_Exercise directions_
Repeat the listing below in full and exactly. Pictures are to be omitted.

_Data shown_
··········

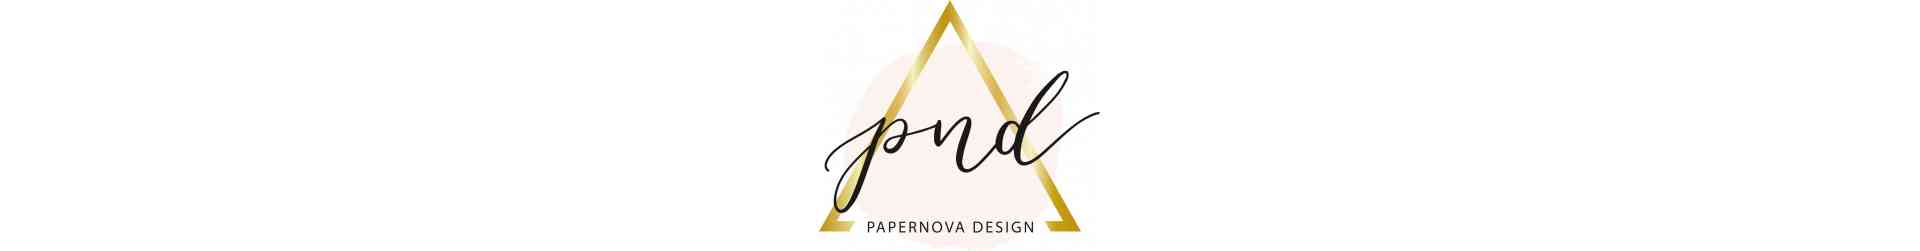 Papernova Design
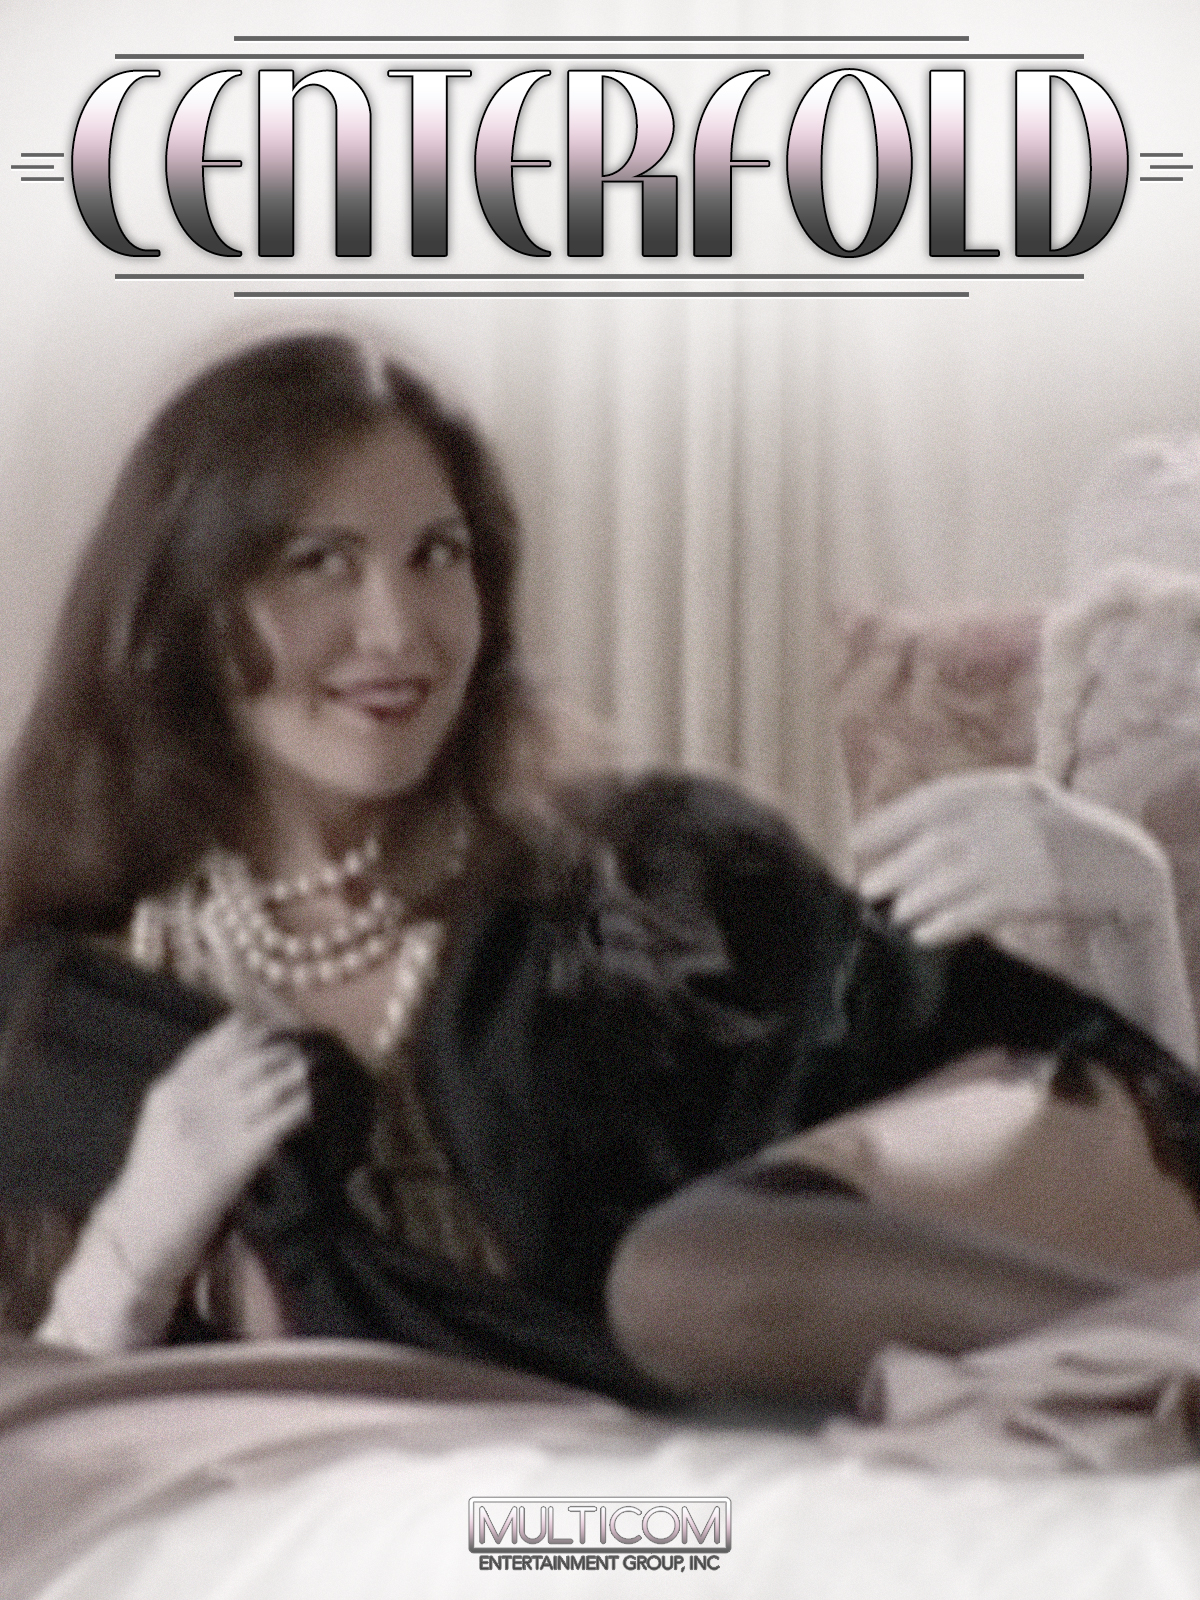 Centerfold (1996) starring Cheryl Bartel on DVD on DVD
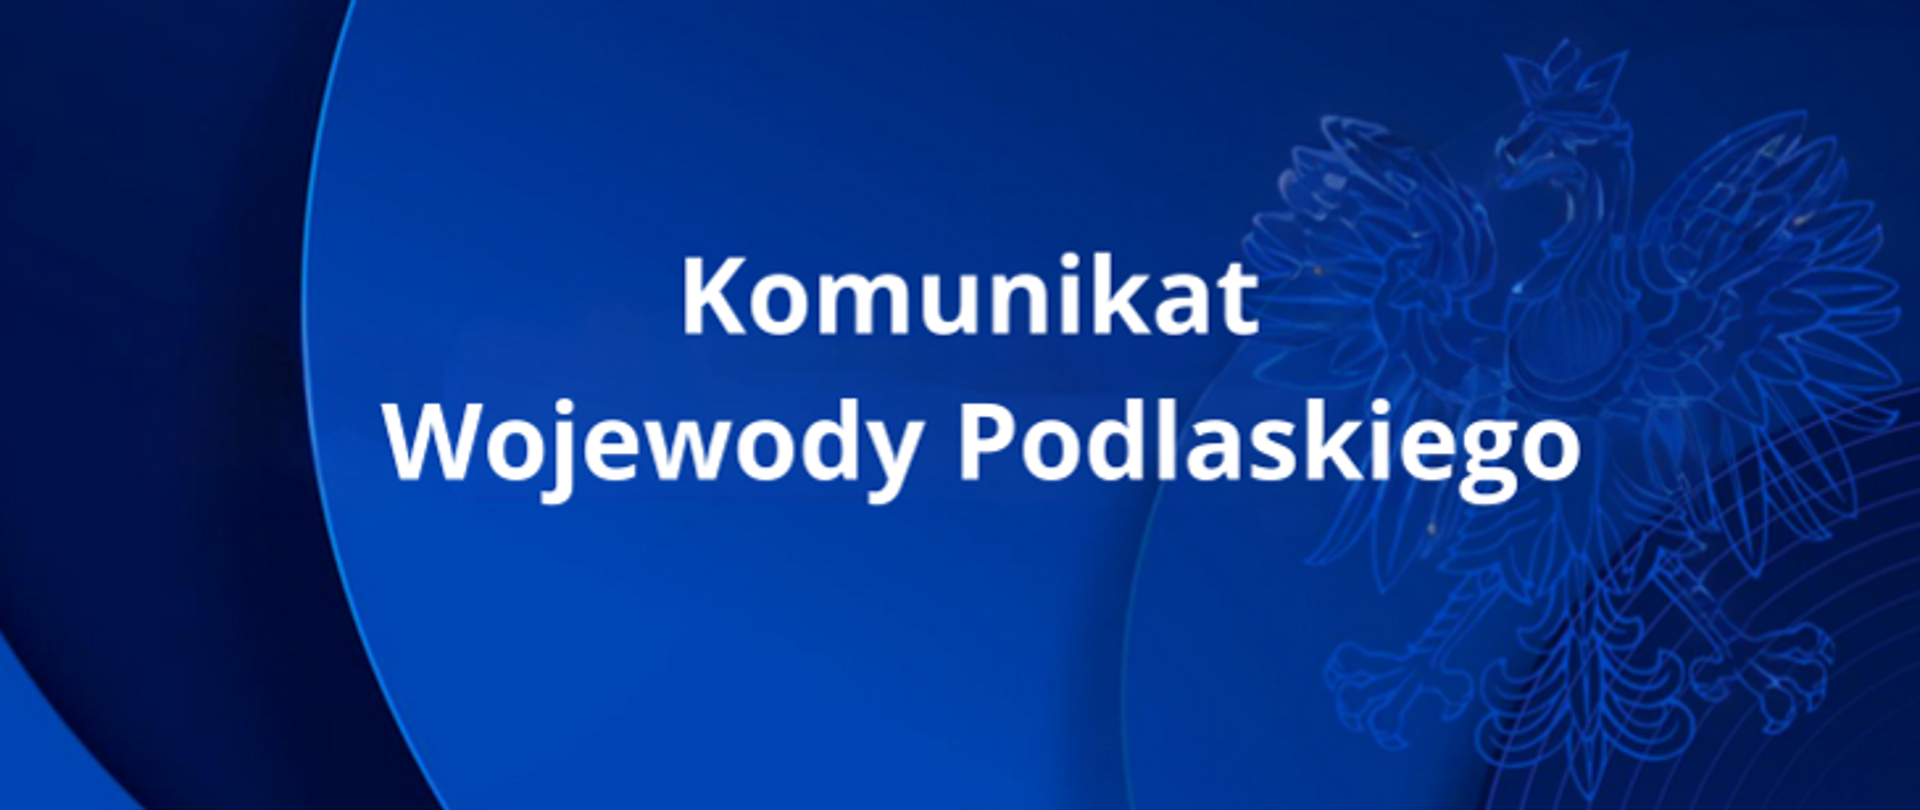 Komunikat_Wojewody_Podlaskiego
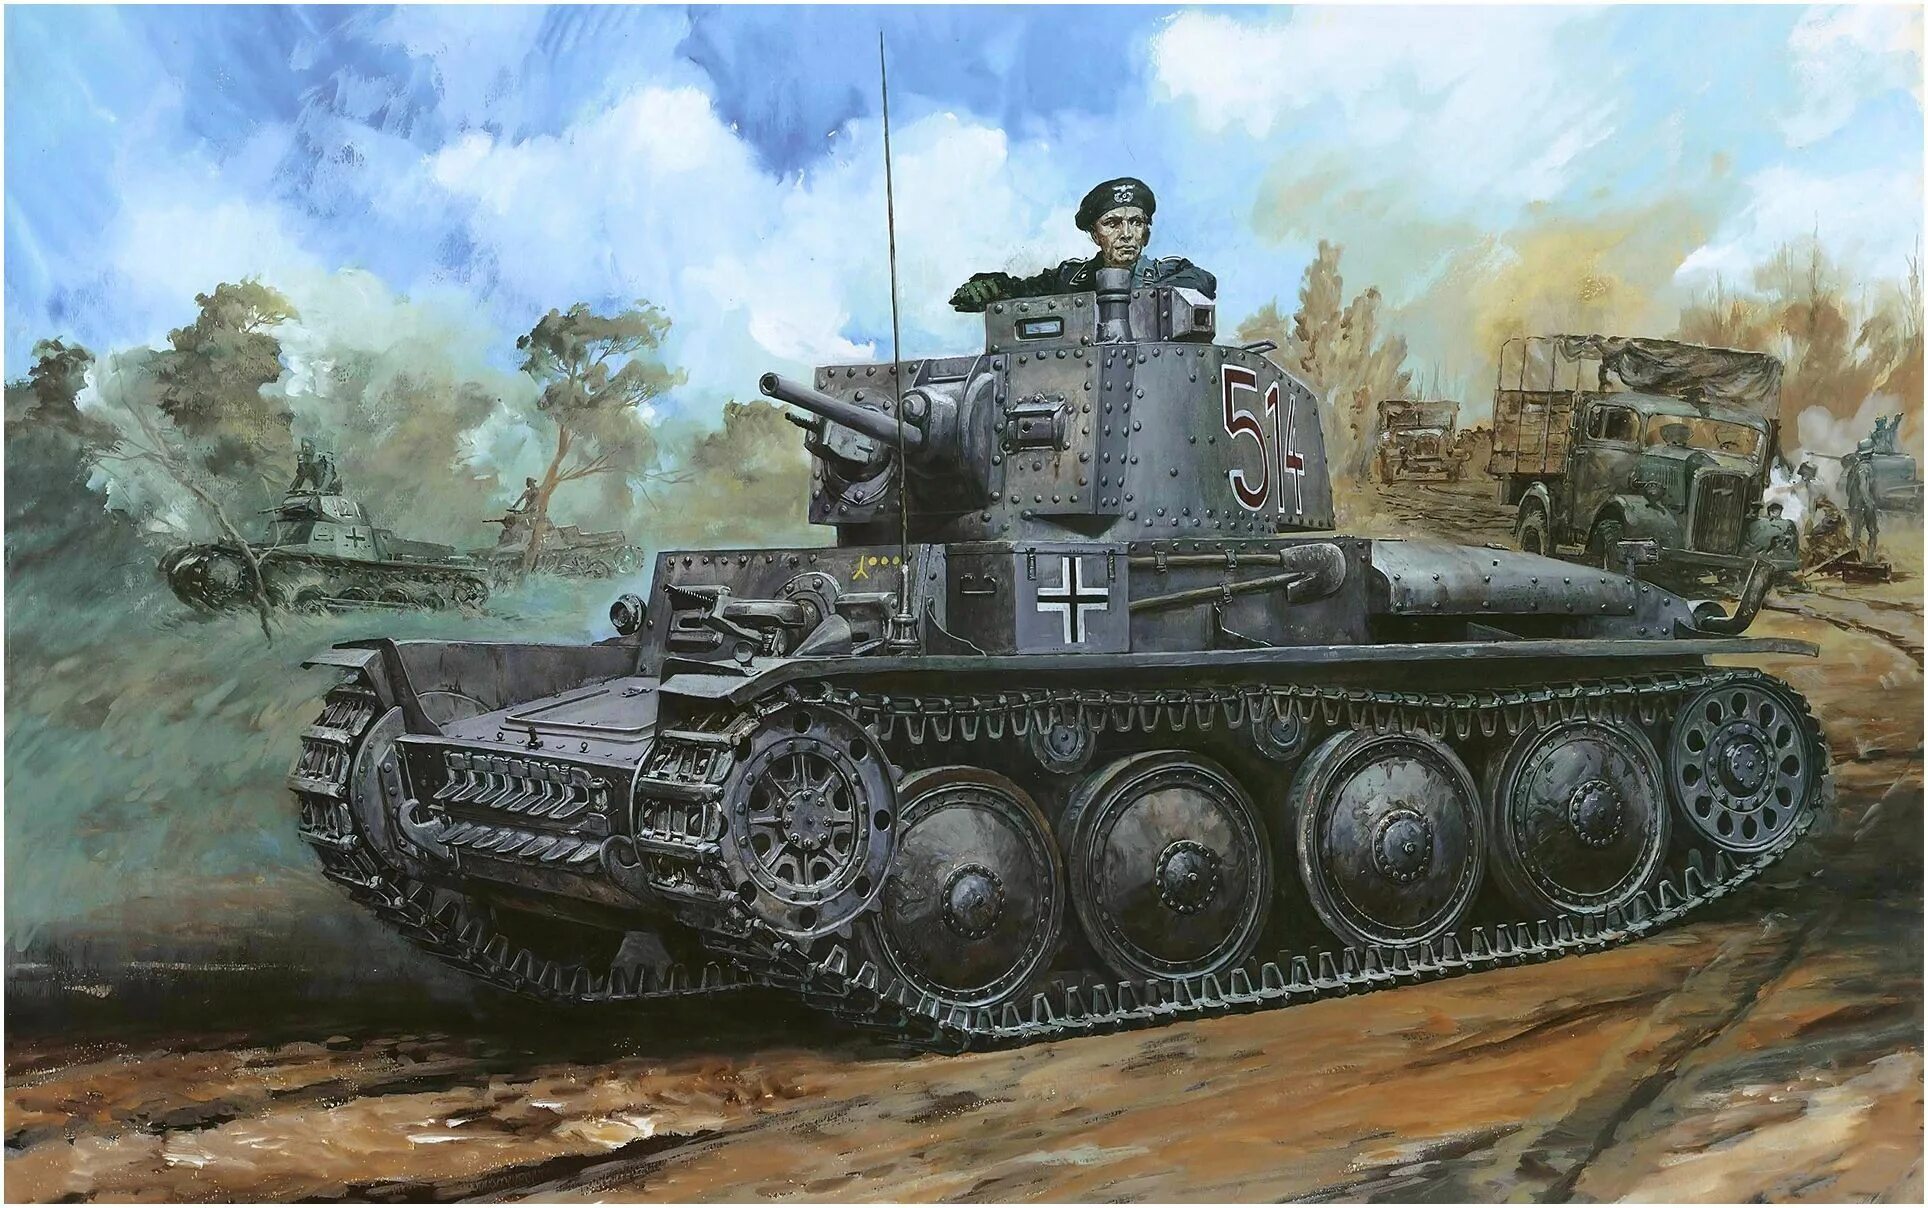 Танк PZ 38 T. Немецкий танк PZ Kpfw 38 t. Lt vz.38 PZKPFW 38 T. PZ 35t 1941. Третья танковая

··········

_Exercise output_
 Papernova Design
 Centerfold (1996) starring Cheryl Bartel on DVD on DVD
 Komunikat_Wojewody_Podlaskiego
 Танк PZ 38 T. Немецкий танк PZ Kpfw 38 t. Lt vz.38 PZKPFW 38 T. PZ 35t 1941. Третья танковая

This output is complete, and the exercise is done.